Kemudian kebijakan pelarangan ekspor produk minyak sawit oleh pemerintah 28 April – 23 Mei, harga pupuk yang tinggi dan sangat rendahnya pencapaian program Peremajaan Sawit Rakyat (PSR).
"Kejadian tidak biasa tersebut sangat berpengaruh terhadap kinerja industri sawit Indonesia baik dalam produksi, konsumsi, maupun ekspor," ujarnya.
Secara teknis, cuaca ekstrim basah mengganggu aktivitas serangga penyerbuk dan kegiatan panen.
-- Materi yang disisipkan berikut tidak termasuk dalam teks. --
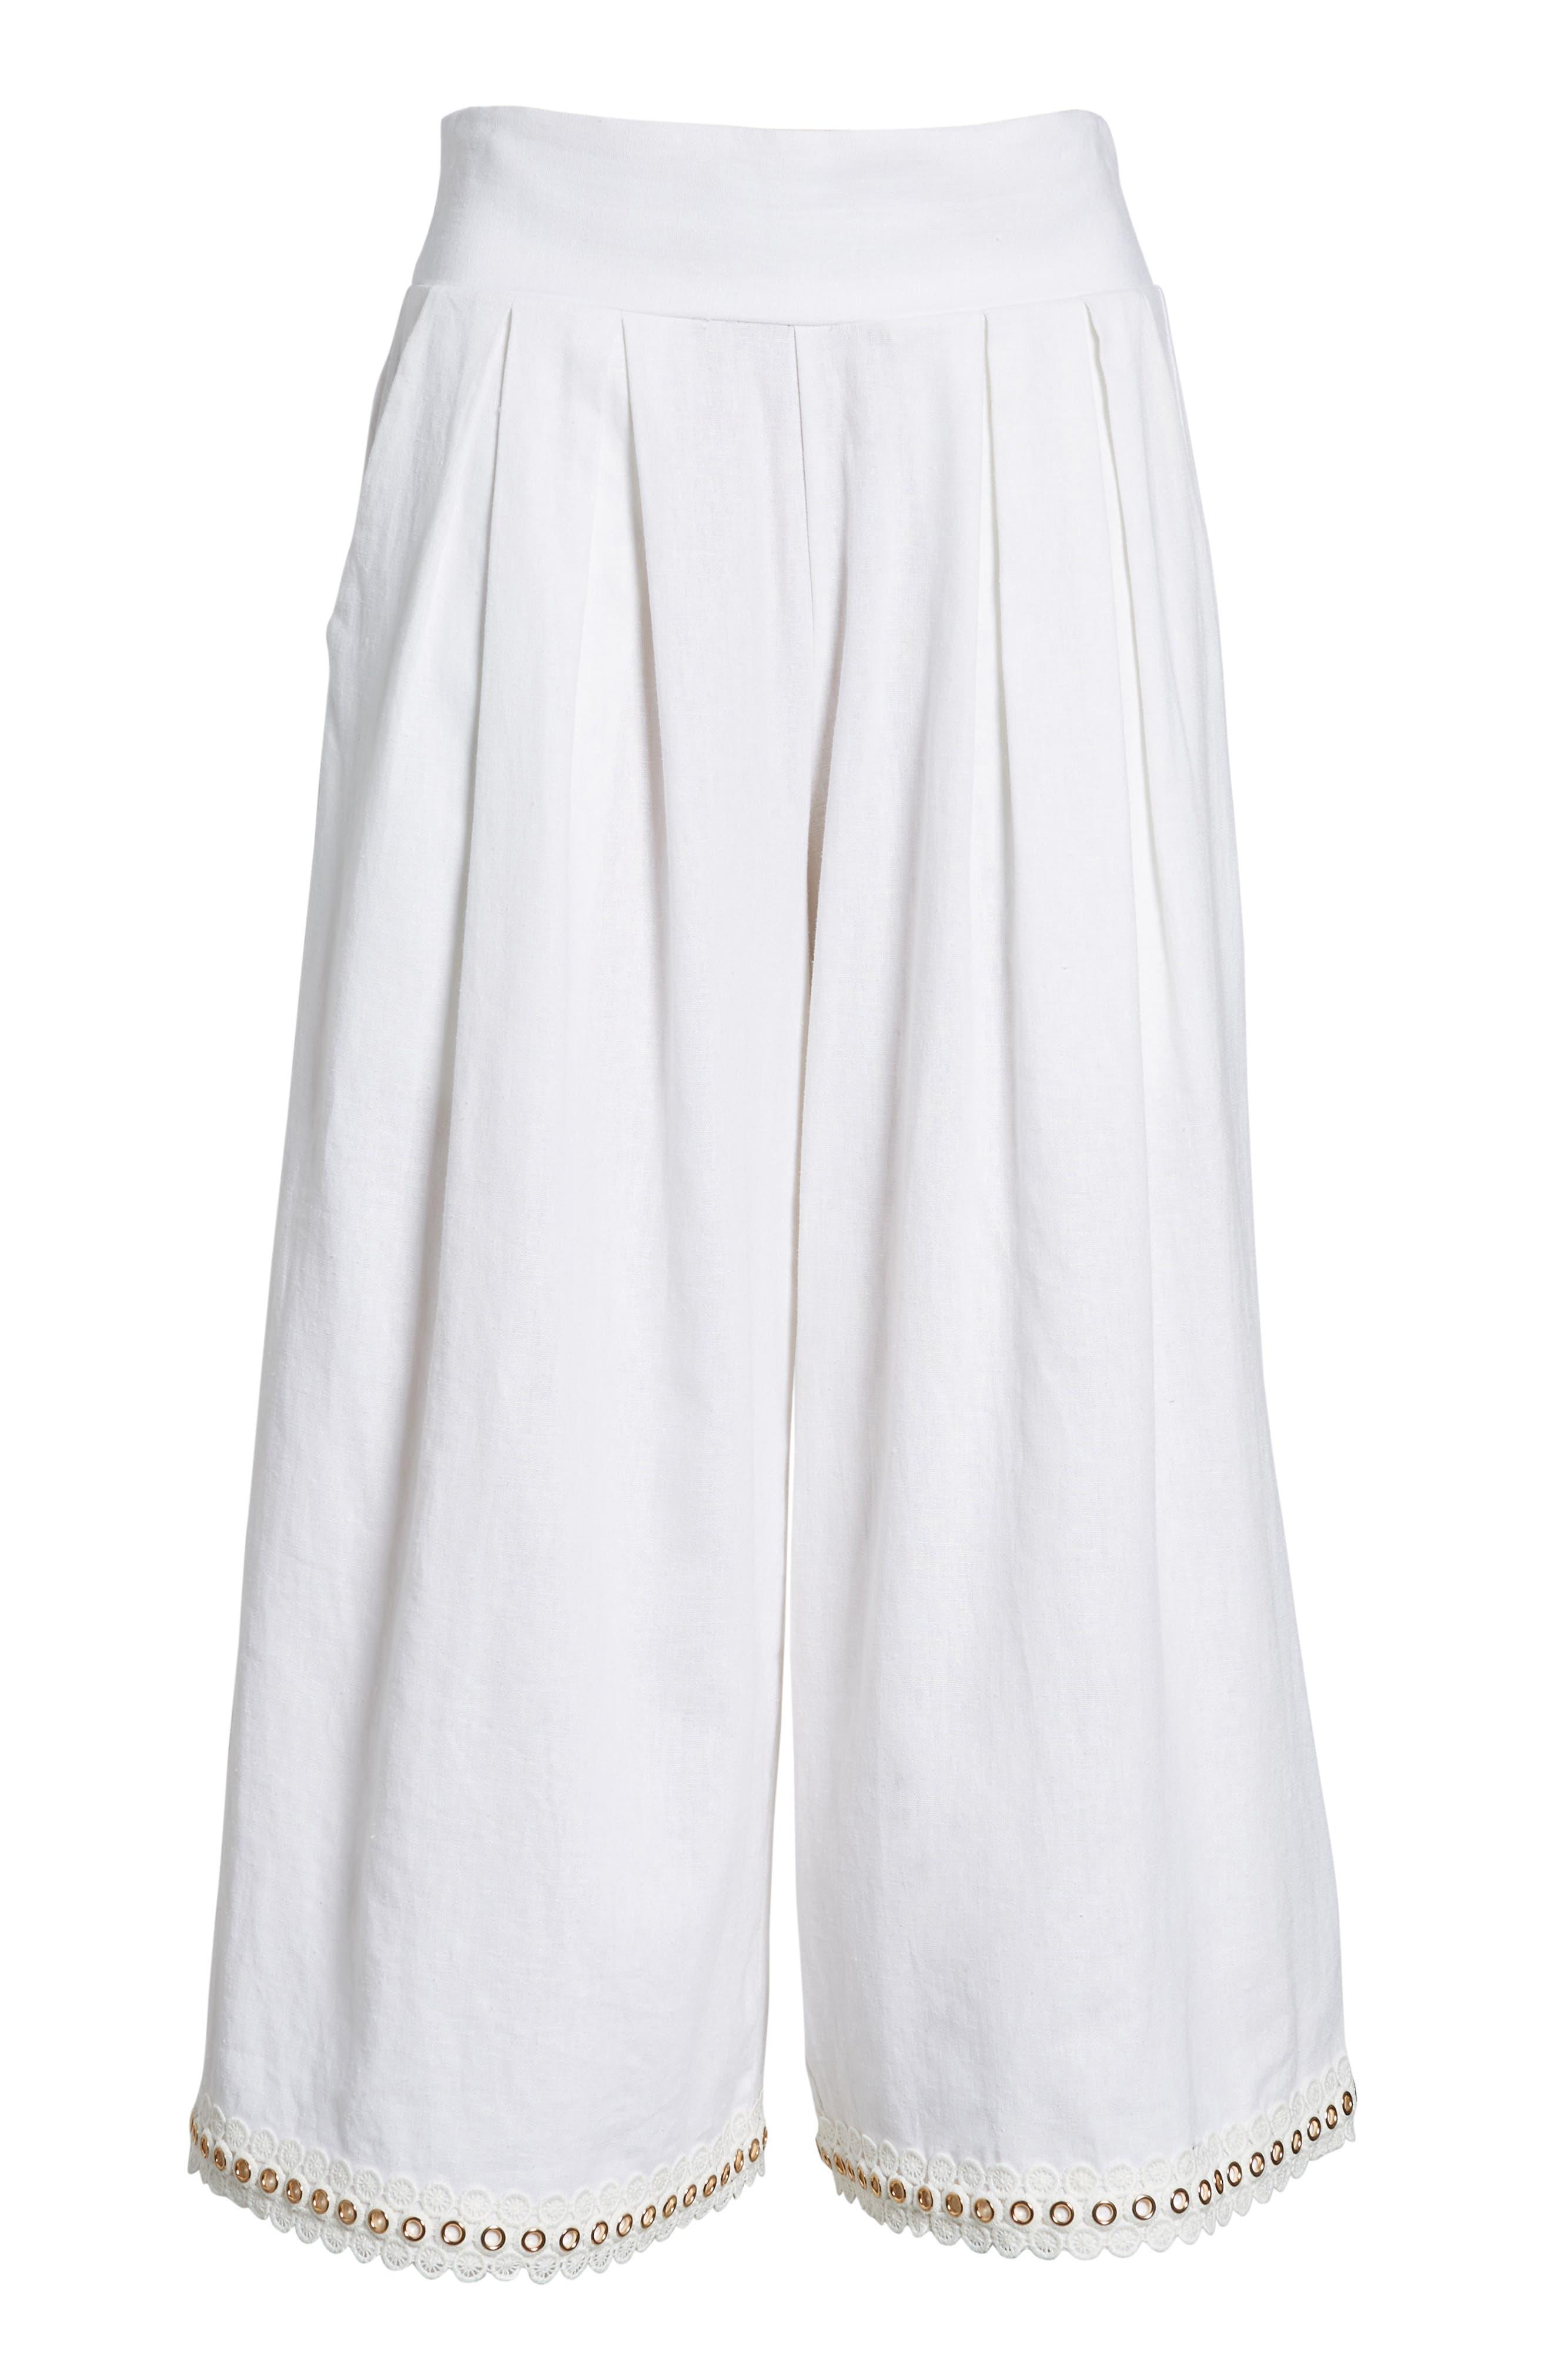 Imara Linen Blend Pants,                             Alternate thumbnail 7, color,                             White

Kemudian pupuk yang mahal dan sulit diperoleh mengganggu kegiatan pemeliharaan tanaman.
Sementara pelarangan ekspor menyebabkan buah tidak dipanen tidak hanya pada periode pelarangan tetapi juga beberapa bulan sesudahnya ketika stok masih sangat tinggi.
"Program PSR yang tidak mencapai target dan pertambahan luas areal yang secara total hanya 600 ribu hektar dalam 5 tahun terakhir akibat moratorium perizinan berusaha untuk kelapa sawit, menyebabkan hilangnya harapan kenaikan produksi dari tanaman-tanaman baru," jelasnya.
"Harga yang sangat tinggi juga menyebabkan penundaan replanting oleh banyak pekebun sehingga porsi tanaman tua yang produktivitasnya lebih rendah menjadi lebih banyak," ujar Mukti.